Le Tribunal Administratif de Rennes a rejeté comme manifestement irrecevable la requête de M. A... contestant le retrait d’une subvention MaPrimeRénov’. Le requérant avait saisi le tribunal avant l’expiration du délai de deux mois suivant son recours administratif préalable obligatoire, rendant son recours contentieux prématuré. La solution retenue est fondée sur l’article R. 222-1 (4°) du code de justice administrative, permettant de rejeter sans instruction les requêtes manifestement irrecevables.
Texte intégral
Vu la procédure suivante :
Par une requête, enregistrée le 17 novembre 2025, M. B... A..., représenté par Hayoun, demande au tribunal :
1°) d’annuler la décision de la directrice générale de l’Agence nationale de l’habitat, née le 12 janvier 2026, valant rejet implicite de son recours administratif préalable obligatoire contre la décision de retrait total de la subvention « MaPrimeRénov’ » du 5 septembre 2025, ensemble cette décision du 5 septembre 2025 ;
2°) d’enjoindre à la directrice générale de l’Agence nationale de l’habitat, à titre principal, de payer la prime de 9 500 euros initialement accordée, entre les mains de son mandataire, la société Eco Négoce, dans un délai d’un mois à compter de la notification de la décision à intervenir, sous astreinte de 100 euros par jour de retard, et, à titre subsidiaire, de réexaminer sa situation dans le même délai et sous la même astreinte ;
3°) de mettre à la charge de l’Agence nationale de l’habitat la somme de 1 800 euros en application de l’article L. 761-1 du code de justice administrative.
Vu les autres pièces du dossier.
Vu le code de justice administrative.
Considérant ce qui suit :
1. Aux termes de l'article R. 222-1 du code de justice administrative : « (...) les présidents de formation de jugement des tribunaux (...) peuvent, par ordonnance : / (…) 4º Rejeter les requêtes manifestement irrecevables, lorsque la juridiction n'est pas tenue d'inviter leur auteur à les régulariser ou qu’elles n’ont pas été régularisées à l’expiration du délai imparti par une demande en ce sens ; ».
2. Aux termes de l’article R. 421-1 du code de justice administrative : « La juridiction ne peut être saisie que par voie de recours formé contre une décision, et ce, dans les deux mois à partir de la notification ou de la publication de la décision attaquée. / Lorsque la requête tend au paiement d’une somme d’argent, elle n’est recevable qu’après l’intervention de la décision prise par l’administration sur une demande préalablement formée devant elle. (…) ».

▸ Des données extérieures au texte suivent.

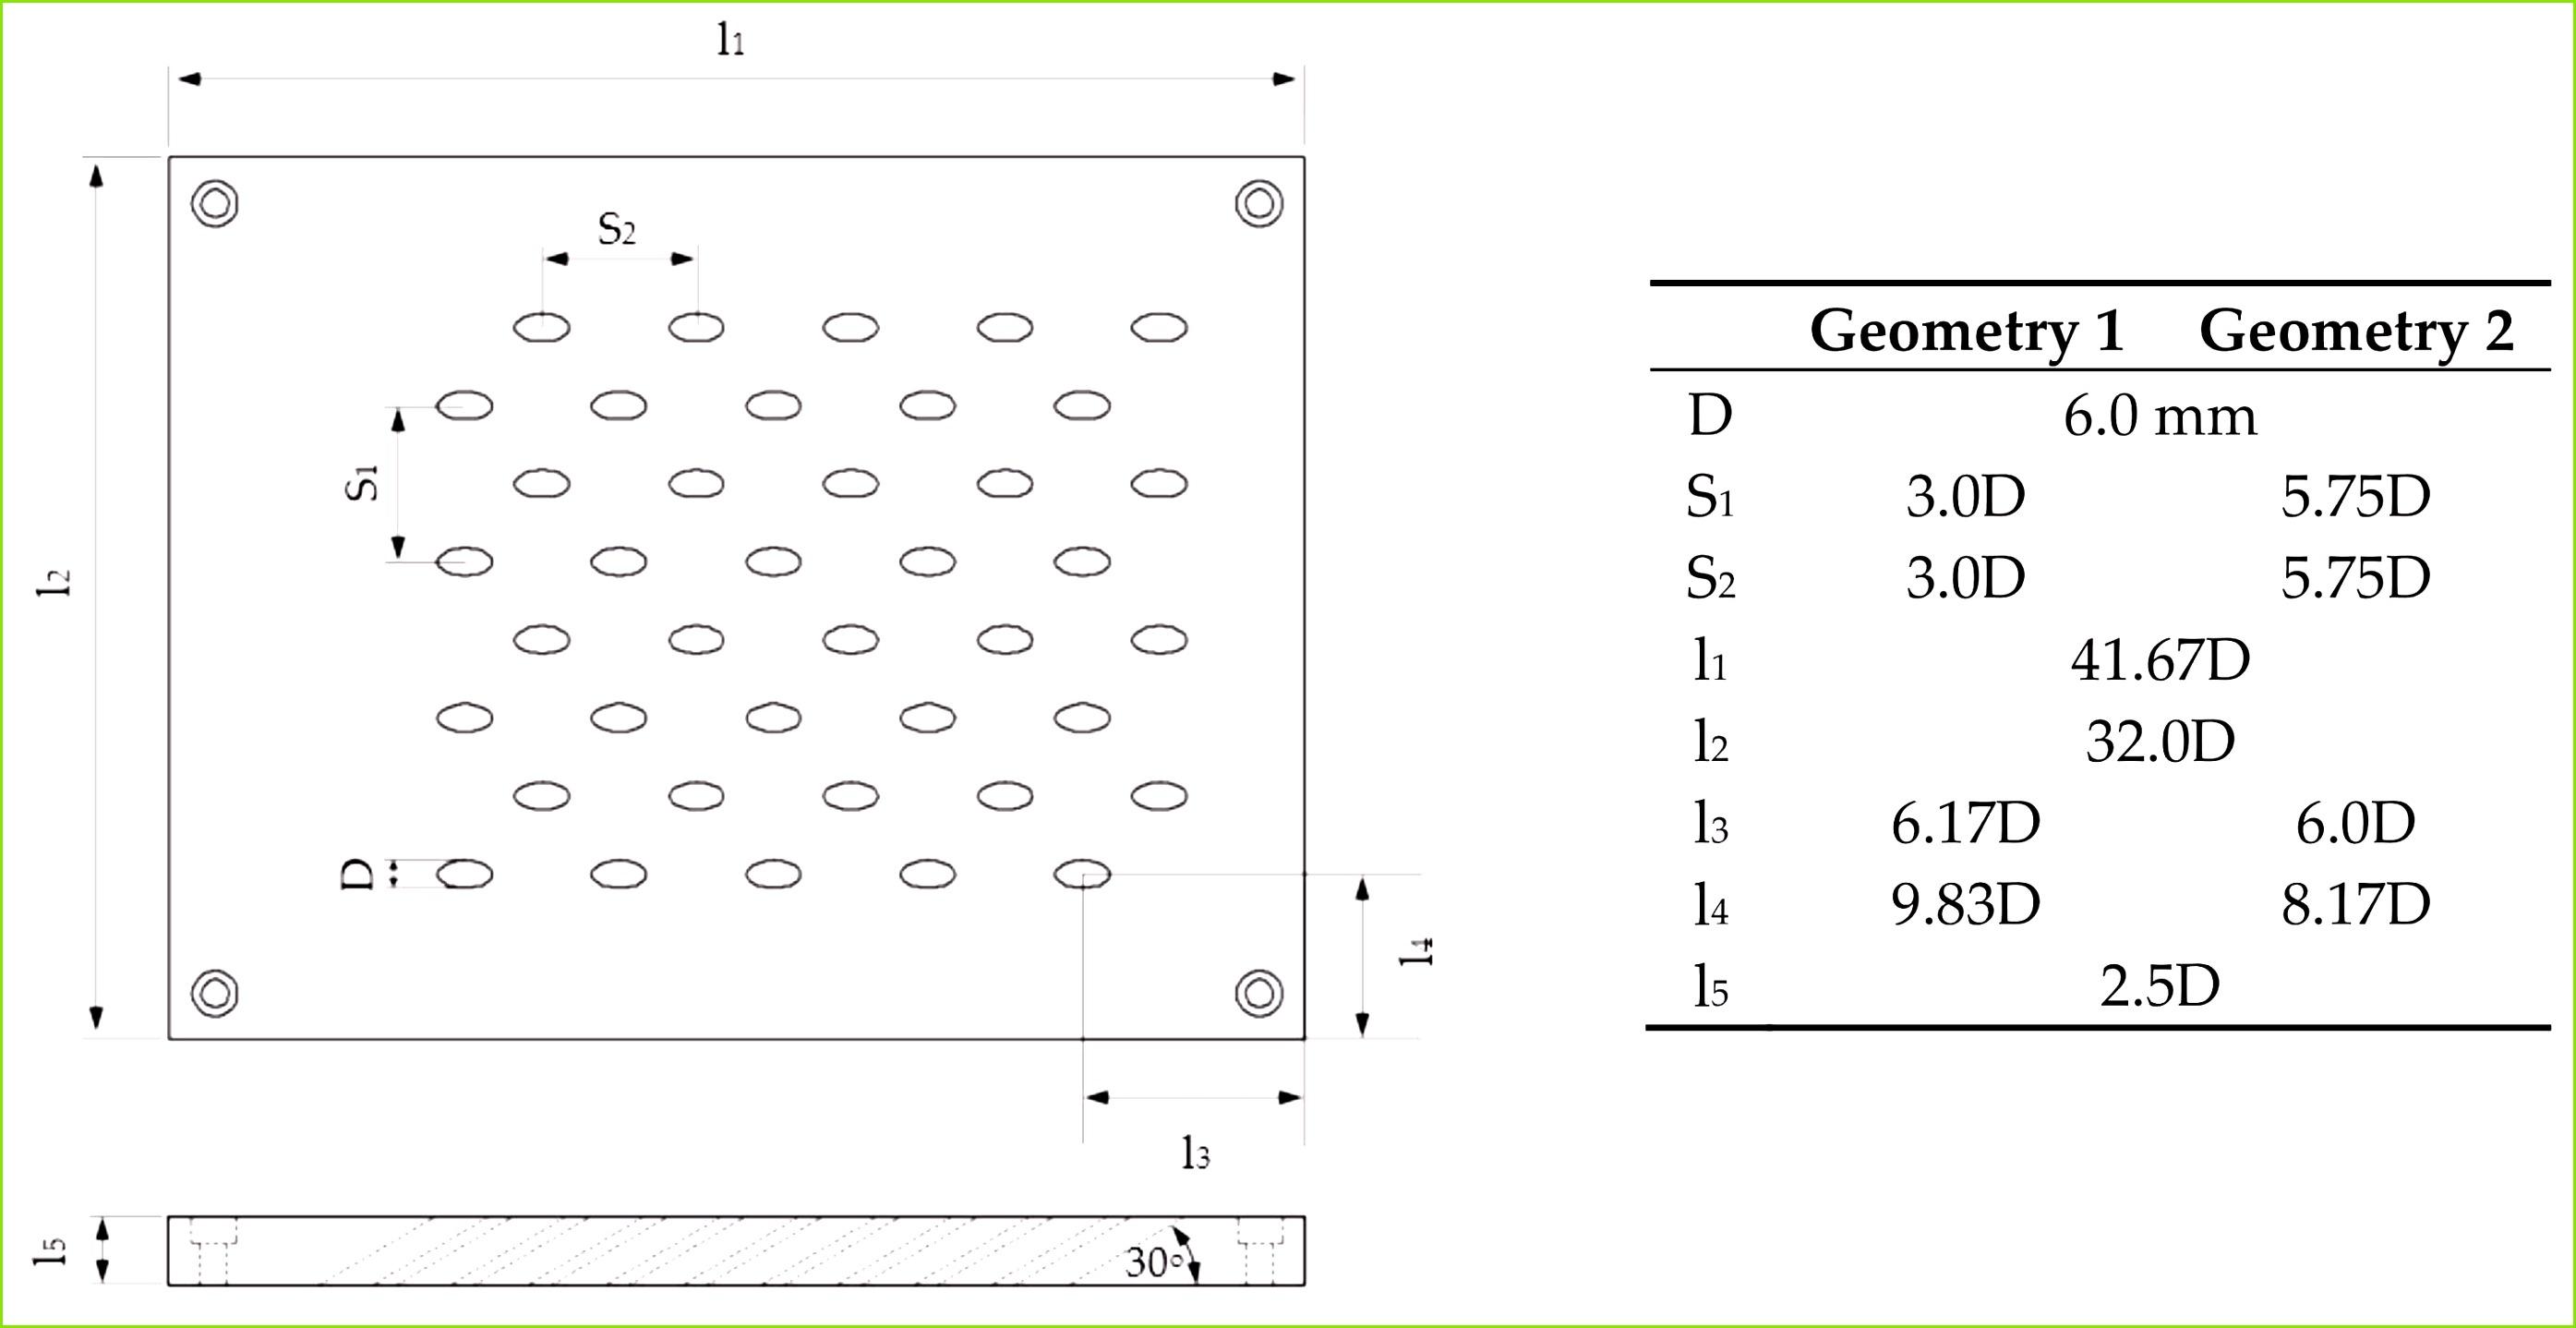 Vorlage Briefpapier Schön Briefpapier Vorlage Kostenlos Vorstellung – Verschiedenelvyntj 28 Vorlage Briefpapier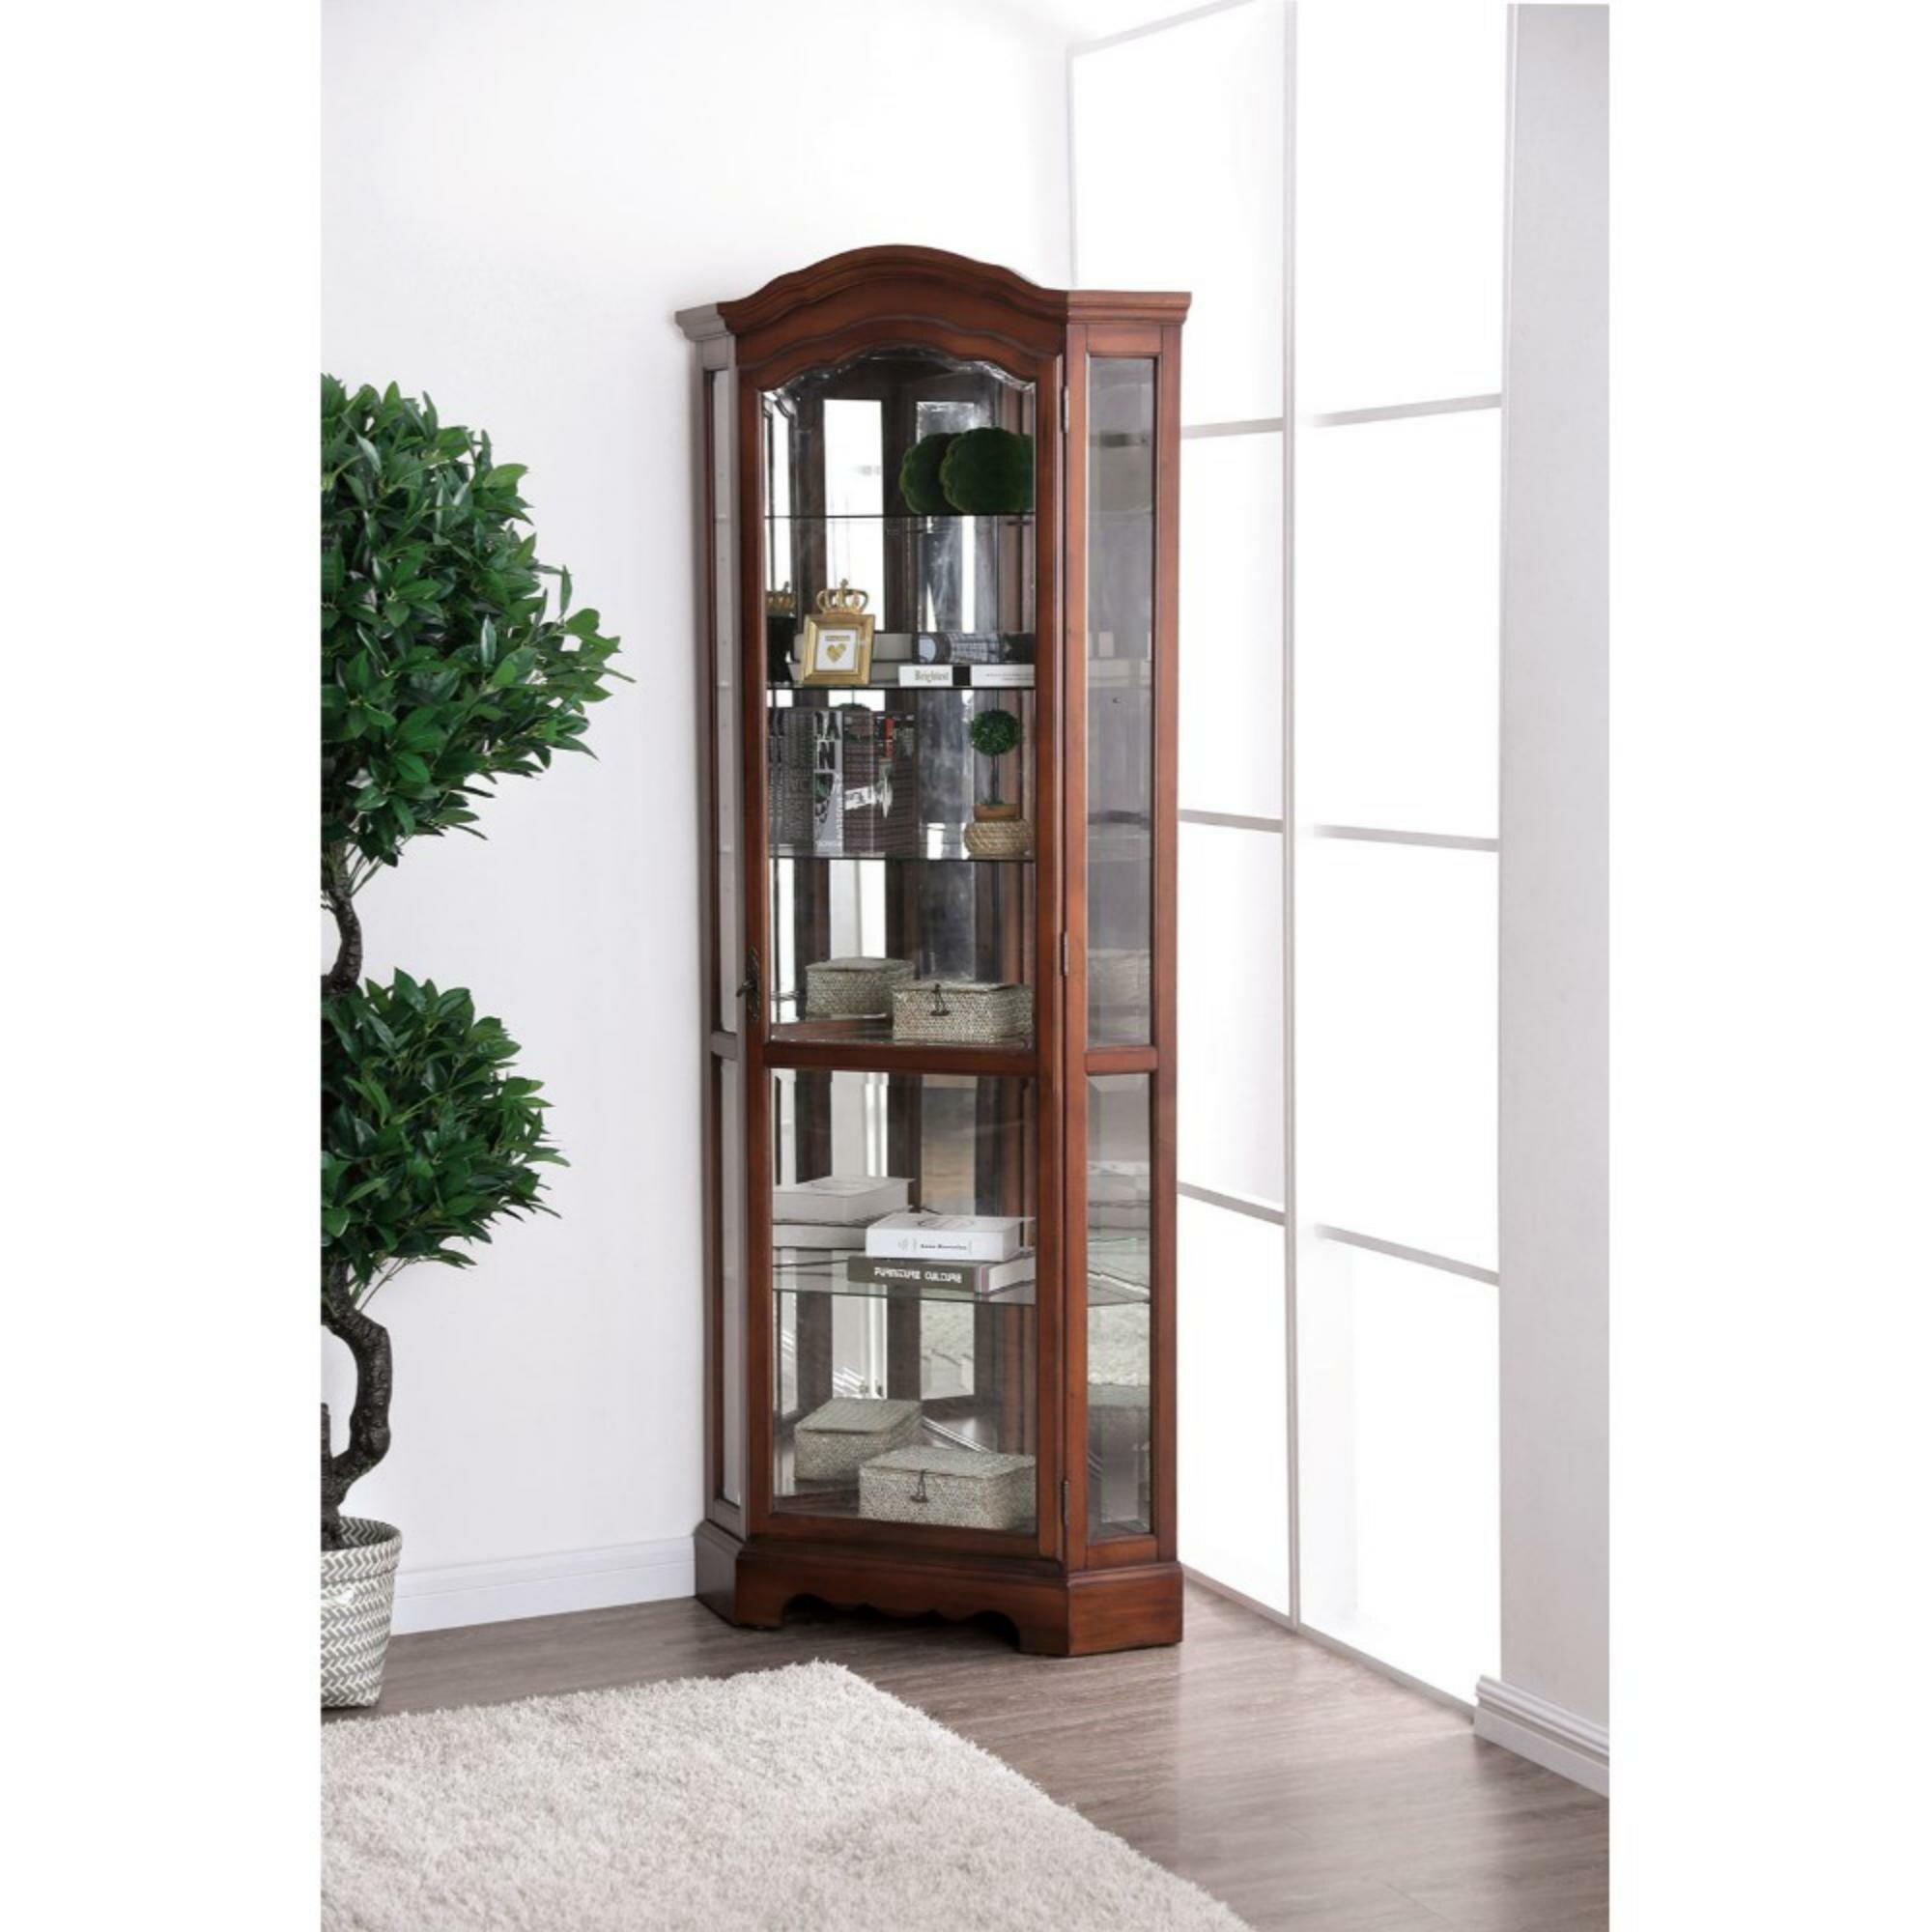 Lederer Traditional Style Wooden Corner Cabinet

3. Le 12 novembre 2025, la directrice générale de l’Agence nationale de l’habitat a accusé réception du recours administratif préalable obligatoire formé par M. A... en lui indiquant expressément que s’il n’avait pas reçu de réponse à ce recours avant le 11 janvier 2026, il pourrait considérer le rejet implicite de son recours. A la date de l’introduction de la présente requête, le délai de deux mois, nécessaire à la naissance d’une décision implicite de rejet, n’était pas encore écoulé. Par suite la requête de M. A..., enregistrée au greffe du tribunal le 17 novembre 2025, constitue un recours prématuré, qui ne peut qu’être rejeté comme entaché d’une irrecevabilité manifeste en application des dispositions précitées de l’article R. 222-1 du code de justice administrative.
O R D O N N E :
Article 1er : La requête de M. A... est rejetée.
Article 2 : La présente ordonnance sera notifiée à M. B... A....
Fait à Rennes, le 26 novembre 2025.
Le président,
signé
P. Vennéguès
La République mande et ordonne à la ministre de la transition écologique, de la biodiversité et des Négociations internationales sur le climat et la nature en ce qui la concerne ou à tous commissaires de justice à ce requis en ce qui concerne les voies de droit commun contre les parties privées, de pourvoir à l’exécution de la présente décision.